Здесь-то как раз и следует, на наш взгляд, искать принципиальное различие творческих установок Гоголя и Хармса: с одной стороны, художника классической эпохи, а с другой — писателя-авангардиста. Какой бы абсурдной ни выглядела картина мира у Гоголя, сколь бы ни был высок коэффициент «искажения» человеческой природы в дискурсе «ограниченного» повествователя-рассказчика, сознание классического автора-экспериментатора все равно придерживается принципа ценностной иерархии, не позволяя себе соскальзывать в область нравственно-философского релятивизма. Однако при всех существенных расхождениях рассматриваемых парадигм художественности непреложным остается тот факт, что сама напряженность и экспериментальный характер антропологической системы писателя обусловили актуальность того, что мы называем гоголевской традицией, для всей русской литературы последующего времени, в том числе и для эстетики литературного авангарда.
Примечания
1. Хармс Д. Полет в небеса: Стихи. Проза. Драма. Письма. Л., 1991. С. 453.

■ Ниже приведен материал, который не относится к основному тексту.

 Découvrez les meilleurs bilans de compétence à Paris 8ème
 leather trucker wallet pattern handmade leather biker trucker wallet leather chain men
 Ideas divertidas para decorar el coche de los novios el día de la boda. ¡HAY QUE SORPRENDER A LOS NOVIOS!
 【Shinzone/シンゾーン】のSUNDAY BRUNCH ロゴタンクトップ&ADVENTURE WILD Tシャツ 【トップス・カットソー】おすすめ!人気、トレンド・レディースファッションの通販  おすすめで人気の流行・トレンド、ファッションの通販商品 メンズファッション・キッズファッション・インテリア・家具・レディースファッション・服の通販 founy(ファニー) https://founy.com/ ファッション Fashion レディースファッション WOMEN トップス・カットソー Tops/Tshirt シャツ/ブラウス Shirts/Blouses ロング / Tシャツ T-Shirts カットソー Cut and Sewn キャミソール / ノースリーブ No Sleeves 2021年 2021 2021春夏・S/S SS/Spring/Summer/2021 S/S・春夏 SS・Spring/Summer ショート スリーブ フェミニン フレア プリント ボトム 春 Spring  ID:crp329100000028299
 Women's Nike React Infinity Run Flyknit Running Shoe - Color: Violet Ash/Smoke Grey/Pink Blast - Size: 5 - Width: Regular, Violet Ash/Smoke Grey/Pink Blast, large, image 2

2. Бердяев Н. А. О русских классиках. М., 1993. С. 79.
6. Курсив в цитатах здесь и далее наш. — О. З.
7. Бицилли П. М. Проблема человека у Гоголя. С. 556.
8. Жаккар Ж.-Ф. Даниил Хармс и конец русского авангарда / Пер. с фр. СПб., 1995. С. 233–234.
9. Хармс Д. Полет в небеса: Стихи. Проза. Драма. С. 367.
11. Достоевский Ф. М. ПСС: В 30 т. Т. 27. Л., 1984. С. 65.
13. Бердяев Н. А. О русских классиках. С. 79.
15. Хармс Д. Полет в небеса. С. 335, 339.
18. Жолковский А. К. Блуждающие сны и другие работы. М., 1994. С. 71.
19. Вайскопф М. Сюжет Гоголя: Морфология. Идеология. Контекст. М., 1993. С. 361.